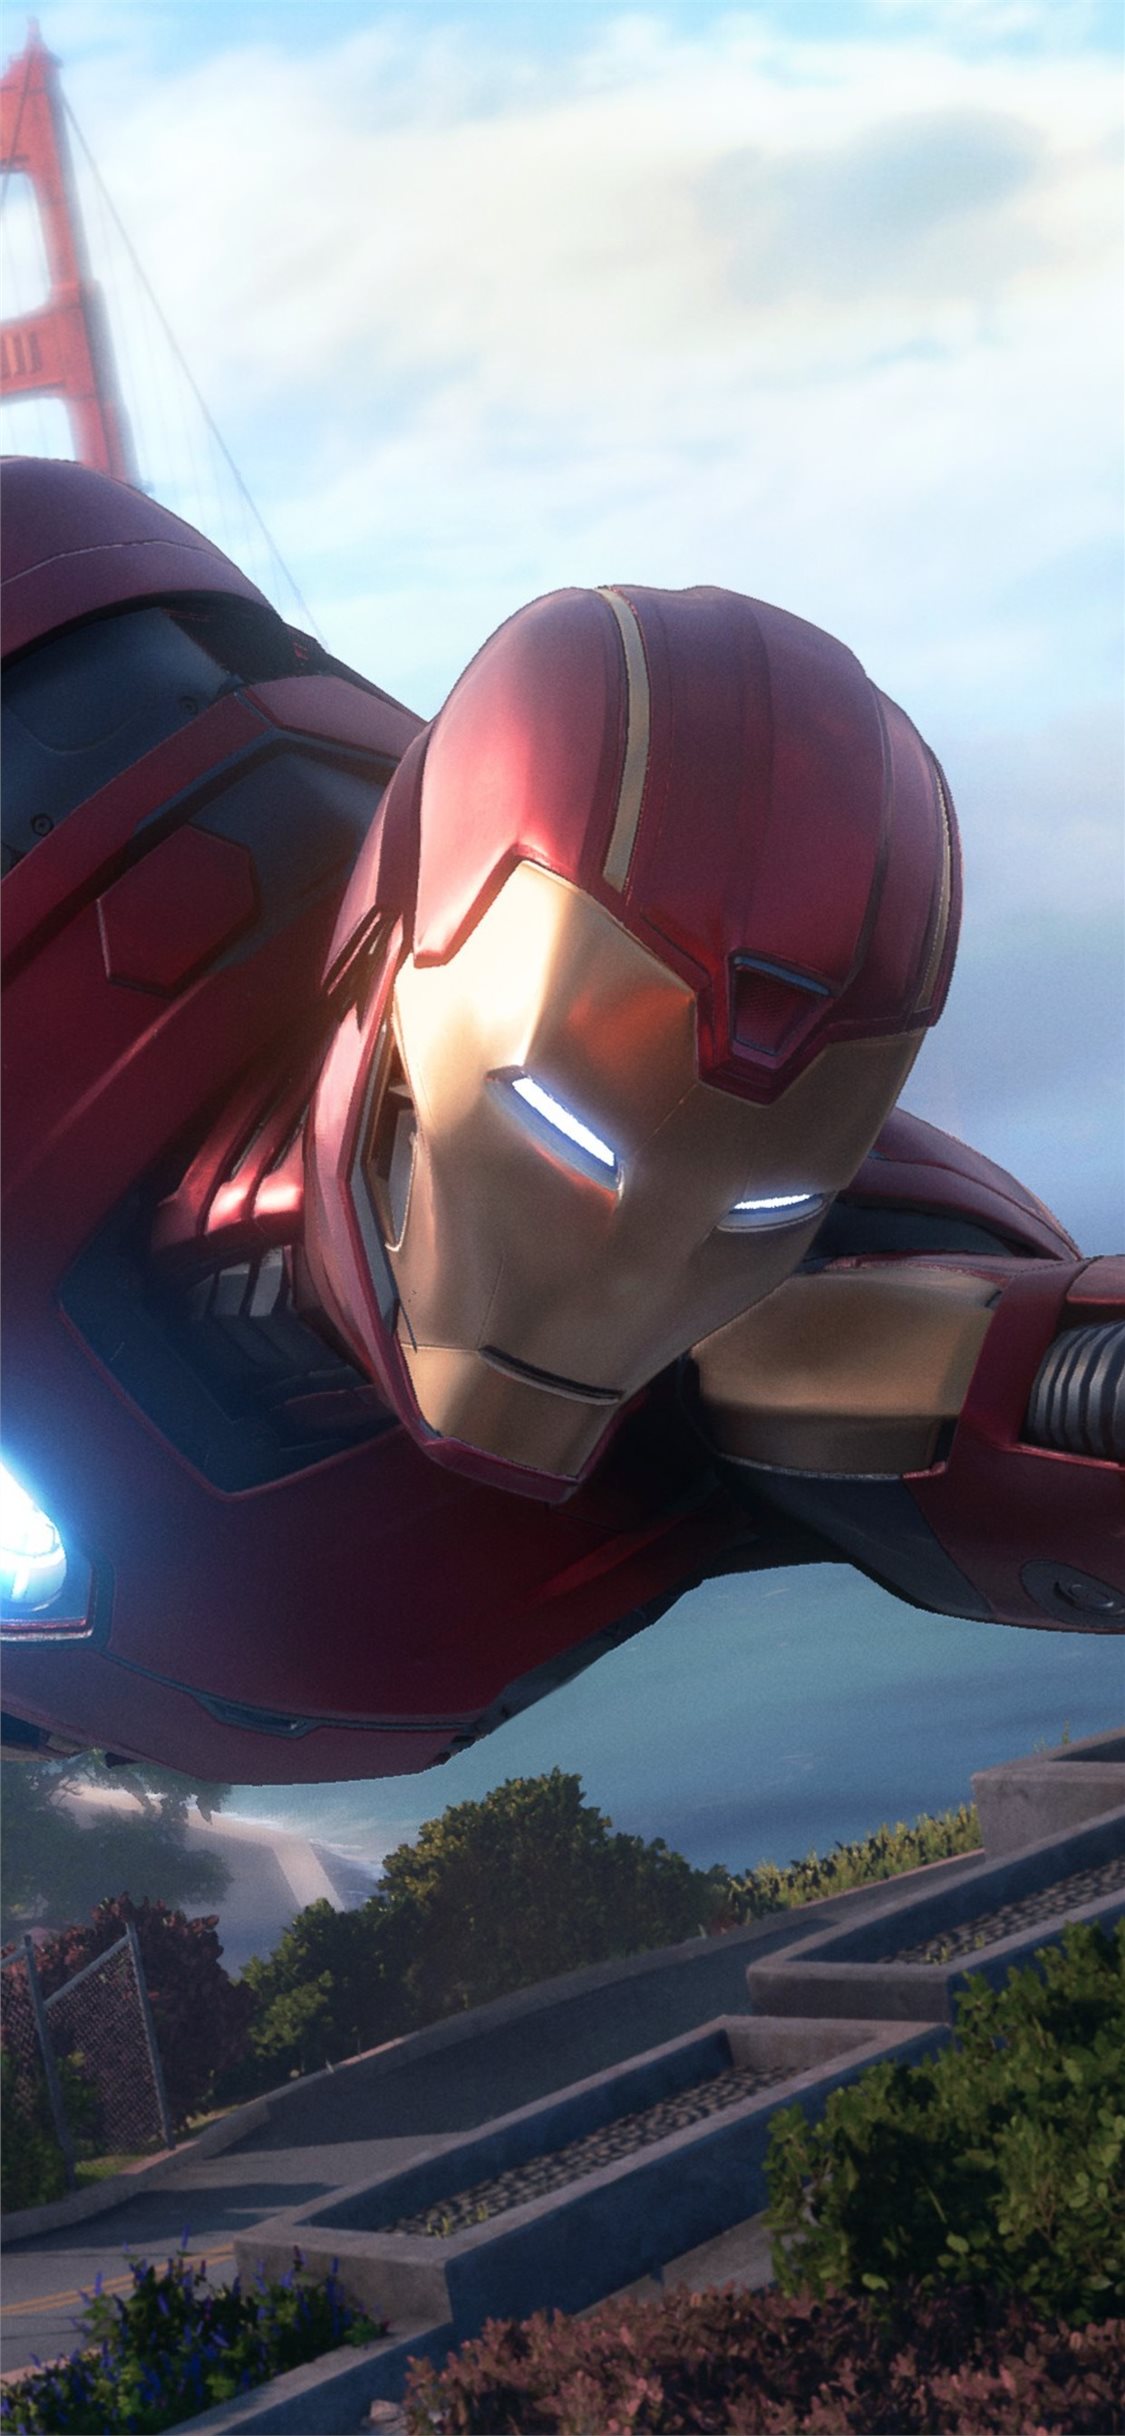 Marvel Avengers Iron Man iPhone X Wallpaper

────────────────────

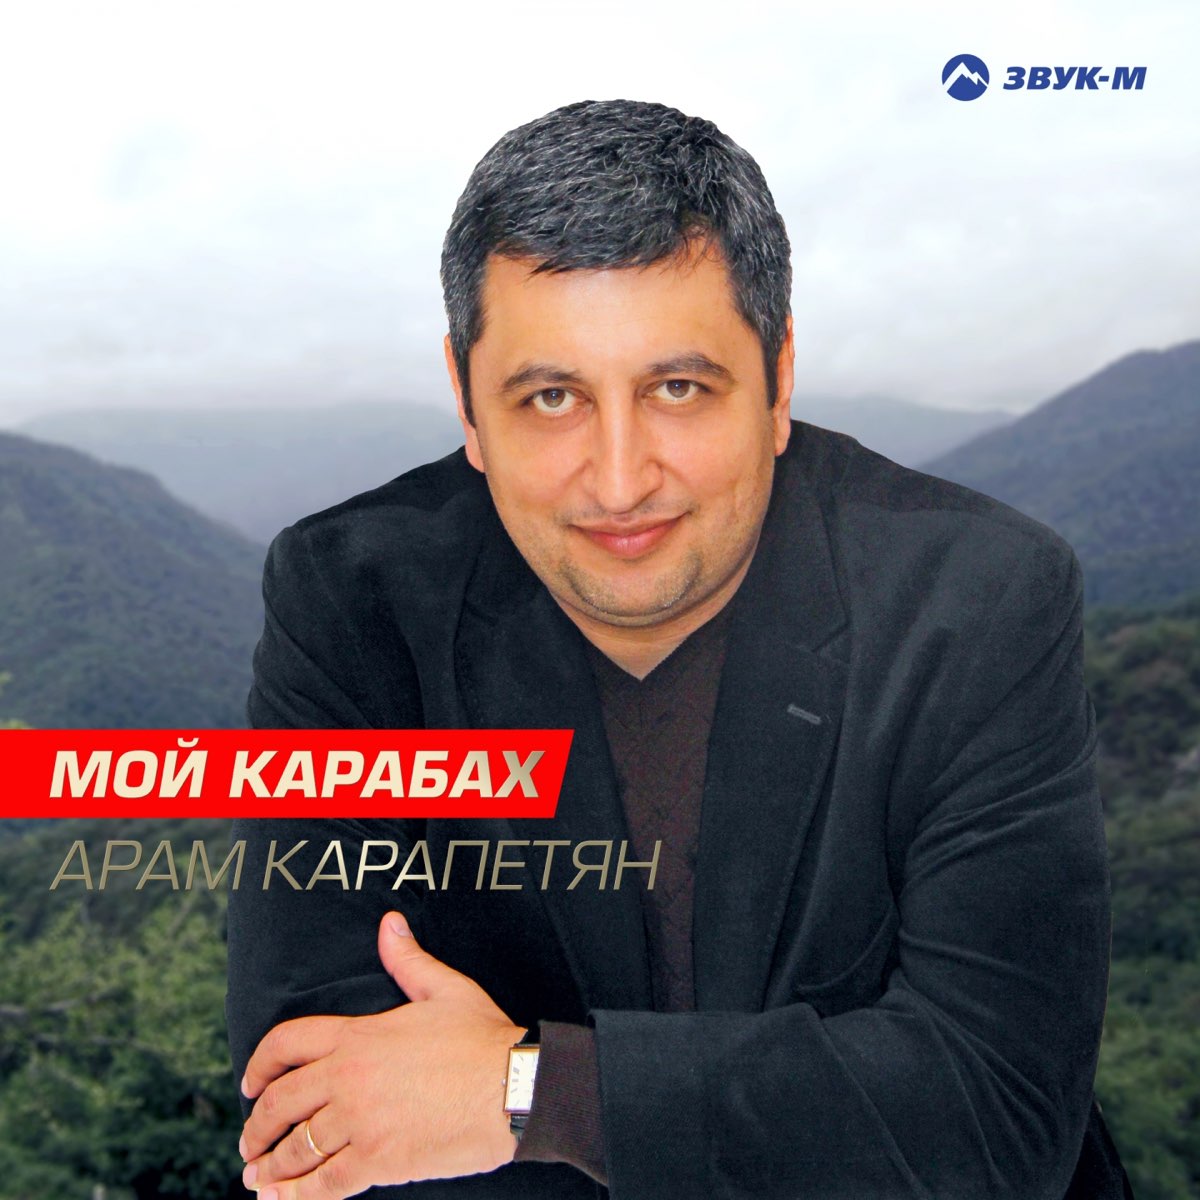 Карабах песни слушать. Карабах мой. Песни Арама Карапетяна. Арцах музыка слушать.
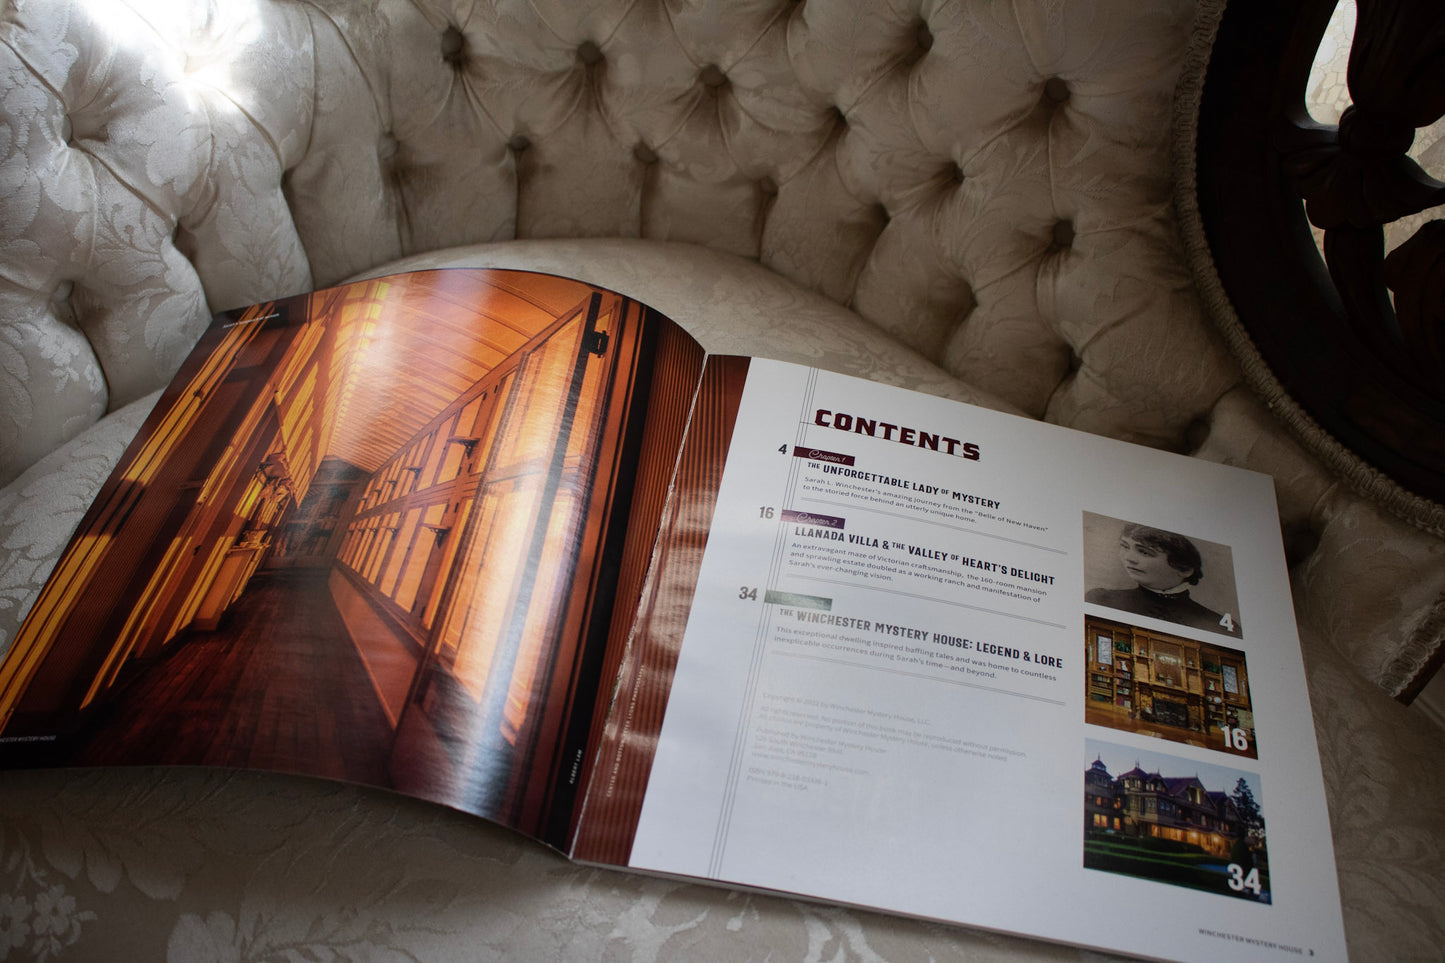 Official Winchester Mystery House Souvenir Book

────────────────────

Only the lines above from the one containing "Карабах песни слушать." through the one containing "Official Winchester Mystery" should be returned, verbatim and inclusive, with pictures excluded.

# [OUTPUT OF THE EXERCISE]
 Карабах песни слушать. Карабах мой. Песни Арама Карапетяна. Арцах музыка слушать.
 Official Winchester Mystery House Souvenir Book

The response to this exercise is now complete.